Background A previous real-world data analysis demonstrated the high effectiveness of sofosbuvir/velpatasvir (SOF/VEL) in > 6,000 HCV patients from 12 clinical cohorts across Australia, Canada, Europe & USA. Expanding this research initiative to include even more patients from additional geographical areas will allow us to show SOF/VEL effectiveness across multiple diverse populations & the evaluation of HCV patient characteristics across Western countries, Asia, Middle Eastern, and Latin-American regions.

Methods This real-world analysis includes patients ≥ 18 years treated with SOF/VEL without RBV for 12 weeks, as decided by the treating HCP, from 7 sites across Hong Kong, Mexico, Sweden, Spain, Taiwan, and the United Arab Emirates. Age, sex, treatment-experienced (TE), cirrhosis stage (no decompensated included), genotype, coinfections, time to treatment initiation (TTI) from HCV diagnosis, and SVR (4/12/24) were analyzed.

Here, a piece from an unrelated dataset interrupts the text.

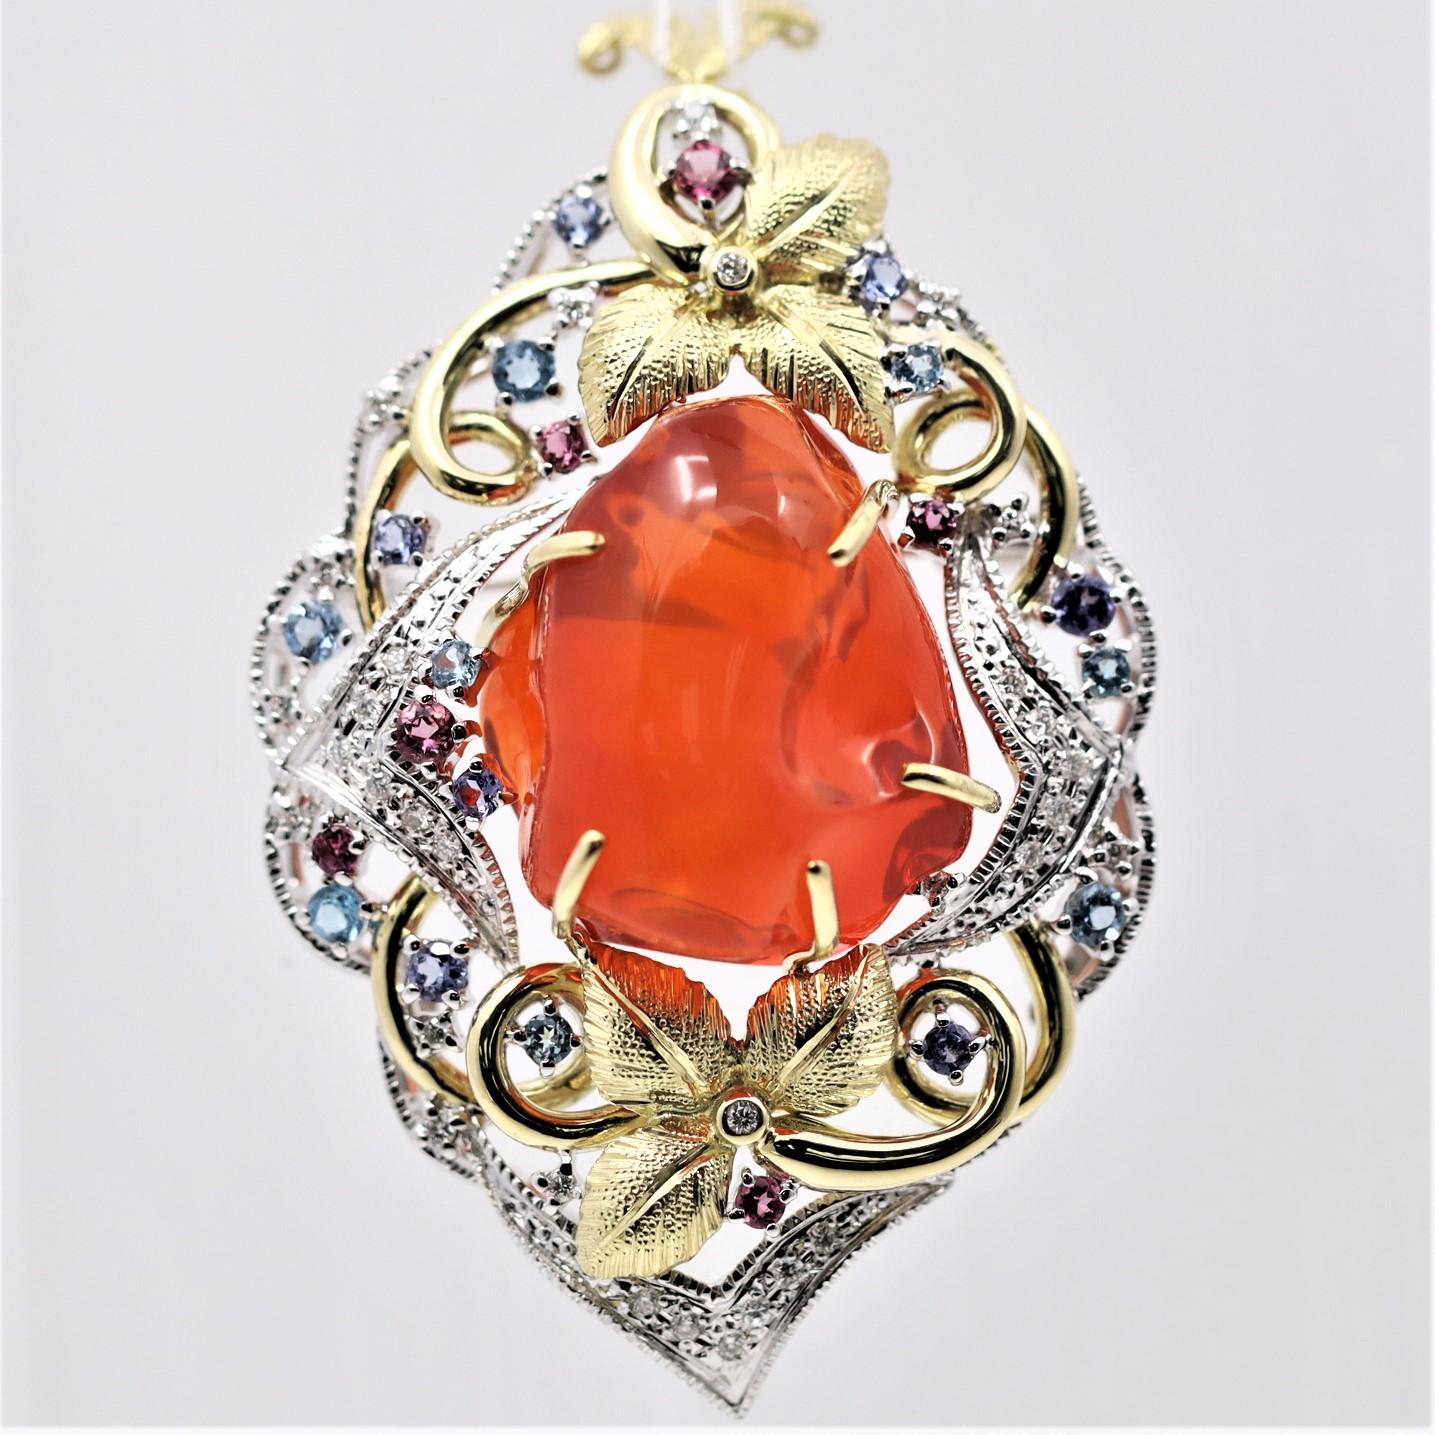 A unique, lively piece featuring a 36.89 carat fire opal with excellent quality! It has flashes of greens, oranges, and yellows dancing across its surface as the light hits it. IT is accented by 0.32 carats of round brilliant-cut diamonds, which add

Results Overall, 4,679 patients were included, 51% of them from Asian countries. Median age was 56.9 [IQR 46-66], where males were 59%, and age > 50 years in 68%. Genotype 3 was present in 25%, F4 21%, TE 5%, while HIV, HBV and HDV coinfection was reported in 4.7%, 4.3%, and 0.1%, respectively. The TTI was available in 74%, with 17% having ≤30 days. In terms of effectiveness, SVR was achieved in 98.4% of the treated population and 99% of Asian countries.

Conclusions Results on treatment effectiveness in these new geographies did not differ from real-world studies of patients in Western countries, reinforcing that HCV treatment guidelines are globally applicable and supporting the efficacy of pDAA therapy.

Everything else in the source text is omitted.